The Theodosians do not much differ from the Philippons. Their women, however, have a separate place of worship from the men, where the service is celebrated by ancient maidens, called Christova Neviestu, or the Betrothed of Christ. The Theodosians have a large hospital in the city of Moscow, with two magnificent churches. The former affords accommodation for more than a thousand patients. Communism has penetrated into all these sects. Among the subdivisions of the great sect of the Starowertzi marriage is not regarded as a bond which lasts for life, or which can only be severed by divorce. A man and woman agree to live together for one or more years, as it may suit their convenience. They separate on the expiry of their contract, and become free to receive a similar offer from any one else, while the issue of such temporary marriages belongs to the public, without any special notice from the parents.
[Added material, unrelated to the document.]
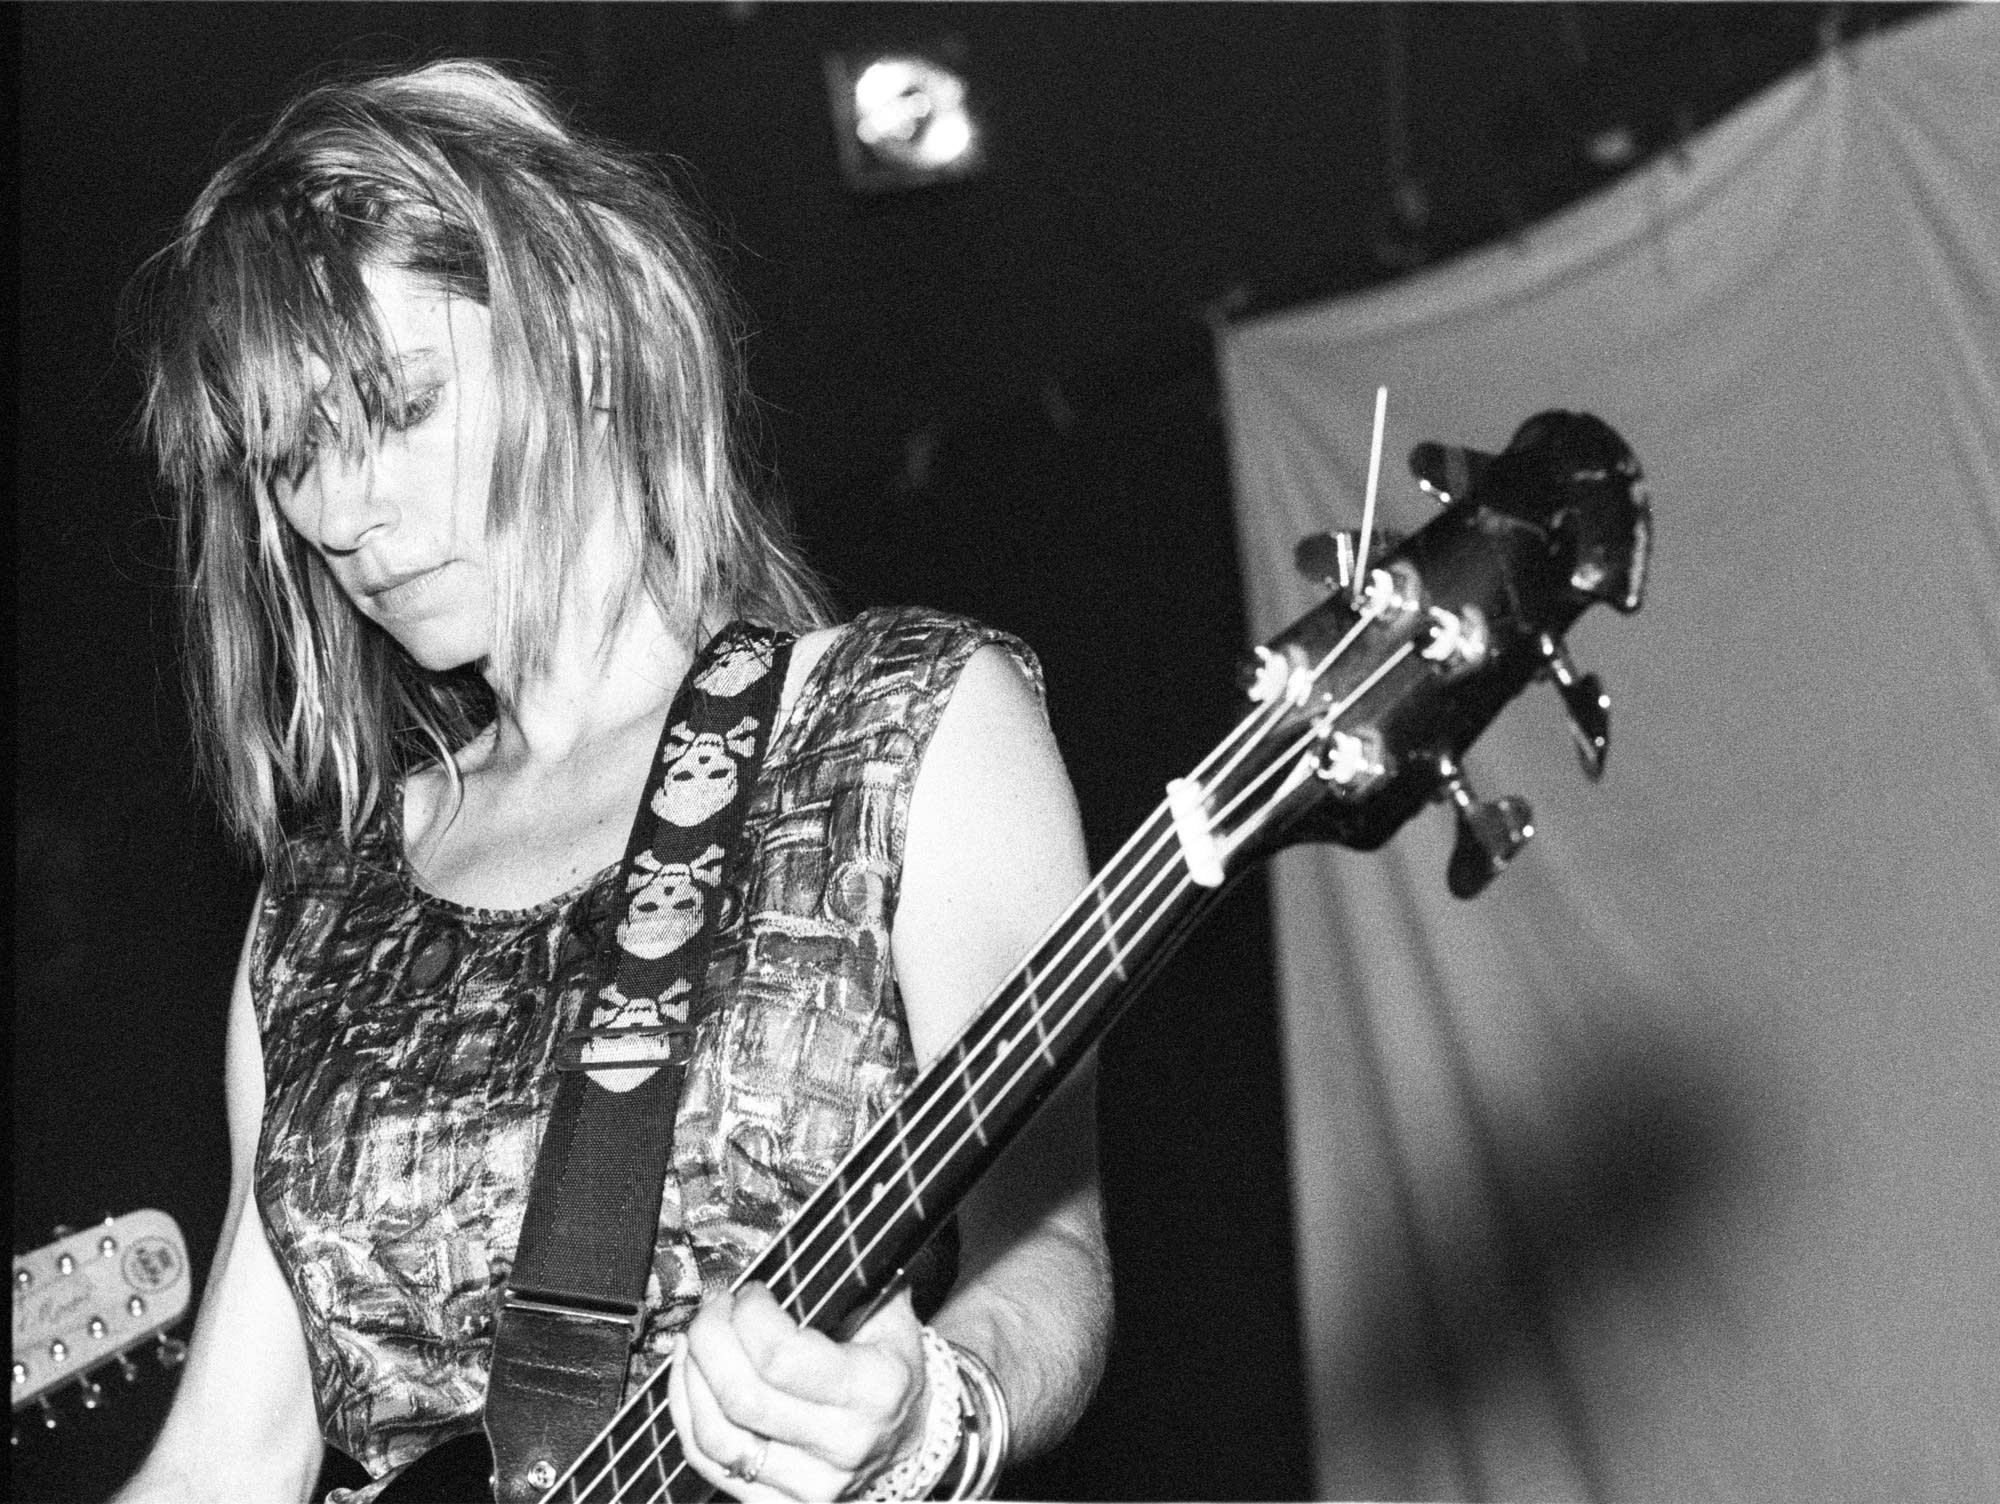 Kim Gordon of Sonic Youth, July 15, 1986

The Douchobertzi, or Wrestlers in Spirit, are, like the Malakani, or Drinkers of Milk, divided into seven fractions, and are remarkable for their hostility to the official church. Their doctrines consist of the leading points of the old heresies, and they constitute a theological system more developed, though not more uniform, than any of the previous sects. Some of their doctrines are so vague, and so inconsistent, that what is regarded as fundamental in one district, or even in one village, is considered as corrupt or as unimportant in another not perhaps a league off. Different from the Starowertzi, who strictly adhere to traditional observances, they are incessantly making innovations in the fundamental doctrines of the orthodox church. The Starowertzi are particularly scrupulous about form and ceremonial; the Douchobertzi, on the contrary, reject all forms of worship, and spiritualise the church. The influence of these spiritualists is not yet felt to any considerable extent in Russia. Though offshoots of the Malakani, or Milk Drinkers, these two sects hate each other most cordially.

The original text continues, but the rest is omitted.